Теперь кивал уже я. Тоже молча, потому что было в этой определенности, озвучиваемой Владой, что-то… неестественное, что ли. То есть все верно: да, именно так, как говорил и хотел, но все равно как через одно место.

— Но ты должен понять, что разговор о Гудвине и твоих реакциях не закончен.

— Влада… — скривившись, начал я, но она четким и бесконечно властным движением выставила ладонь, затыкая меня.

— Я приняла, что ты главный во всех аспектах работы, потому что опытнее, Антон. Но это не значит, что я без малейших возражений стану подчиняться всем твоим решениям. Тем более таким, которые ты принимаешь, как мне видится, руководствуясь не своим опытом, а чем-то личным. — Я снова начал вскипать, но неотрывный взгляд Влады пока удерживал меня от новой вспышки. — У меня нет никакого права требовать и даже просить рассказать о личном.
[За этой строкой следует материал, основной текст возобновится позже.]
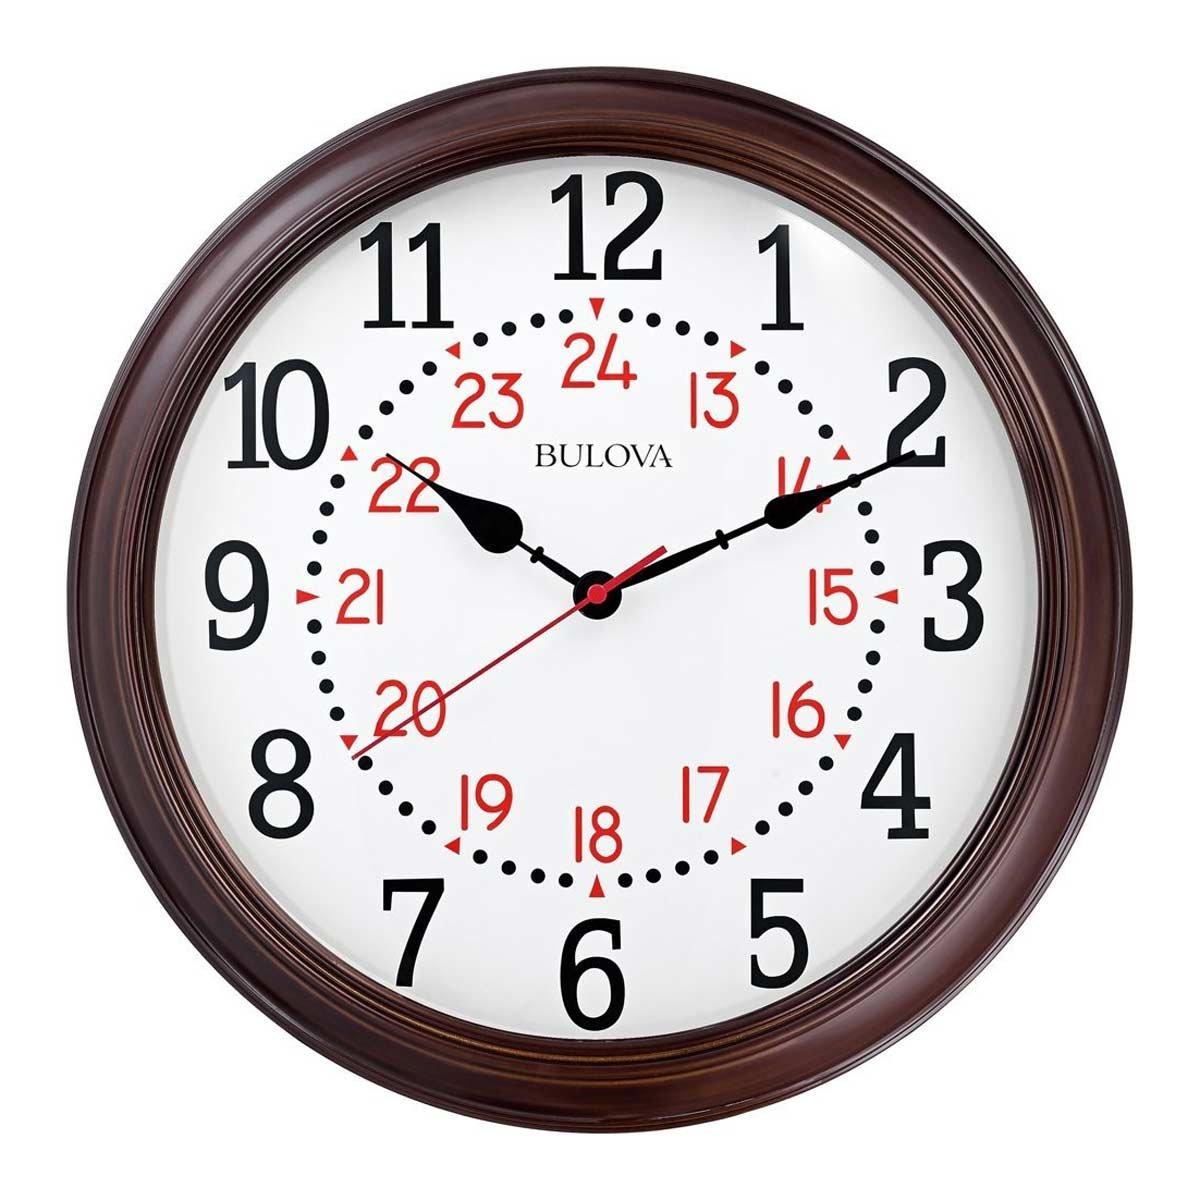 Bulova C4841 Station Master Wall Clock, Espresso Finish

Но я считаю, что у меня есть право и даже обязанность использовать любую возможность для продвижения расследования. И твое согласие или возражения здесь не могут быть решающим фактором.

Получил, Антоха? А теперь глотай. Причем с удовольствием, потому что Влада-то права.

— Ладно, пусть так, — согласился я, сначала вдохнув, а потом медленно и шумно выдохнув. — Но и у меня есть право возражать хоть до посинения, если я сочту эти твои возможности полным бесполезным бредом для следствия или опасными для тебя. И если я снова сорвусь и скажу какую-то гадость, ты ее пропустишь мимо ушей и не начнешь опять искать второе дно, как мы в начале и договорились.

— Еще одно правило? — чуть улыбнулась Влада. — Если ты грубишь или пытаешься уколоть меня, обсуждая рабочие вопросы, то на отношения между нами это никак не транслируется?

— В точку. Когда мы спорим о работе, ты — коллега. А значит, свой парень, которого пара колкостей и переход на личности задевать не должны, — вот еще и сам не представляю, во что ввязываюсь.

— А это в обе стороны работает? — улыбка Влады стала отчетливей. Это и радует и пугает.

— Хочешь мне отомстить, коллега? — подмигнул я. — Вперед.

— Не сейчас.

— Ага, вот в этом все женщины. Выберешь момент поэффектнее?

— Несомненно. И когда мы на работе, не имеет значения, какого я пола.

Какого именно ты пола — игнорировать я уже не смогу никогда.

— Буду почаще оглядываться теперь, — я взял со стола кружку и, схватив Владу за руку, повел в комнату.

Усадив рядом на диване, умостил ее ладонь на своем колене. Так мы и провели остаток вечера: перед телевизором, просматривая всякую хрень и поочередно завладевая пультом. Влада поджала ноги и полностью прижалась ко мне, устроив голову на моем плече. Я же вдыхал запах ее волос, поглядывал на подрагивающие тени от длинных ресниц на бледной коже и откровенно наслаждался этим странным ощущением нормальности. Бездействием, дарящим поразительное спокойствие.

* * *

— Антон, ты красный. Какой же ты отвратительно красный, — Слова Влады, но кричит мне их мамин искаженный болью и гневом голос. — Только посмотри на себя. Красный-красный. Ненавижу.

Я барахтаюсь и извиваюсь в вязкой пелене, захлебываясь ее отвратительной густотой, лишенный хоть какой-то опоры, бесконечно падающий. Подношу руки к лицу и вижу это. Они и правда кроваво-красные, как и все мое тело. Вызывающий тошноту цвет начинает словно сочиться из каждой моей поры и стремительно захватывает все вокруг. А я все борюсь, пытаясь вынырнуть, хотя понятия не имею, где верх, где низ и есть ли вообще где-то спасение от этого ненавистного красного.

— Нет, я не такой, — хочу кричать, но выходит только бульканье. — Не та-а-ако-о-ой.

— Антон. Антон, проснись, — Голос. Голос Влады легко раздвигает кровавое марево кругом, открывая мне узкий, но отчетливый путь к бегству из него.

Это было похоже на то, как кто-то резко протер полностью заляпанное грязью лобовое стекло, и вместо тупика у тебя появилось окошко, в которое видно горизонт. Боясь, что это ненадолго, я рванул вперед что есть мочи. Бамс.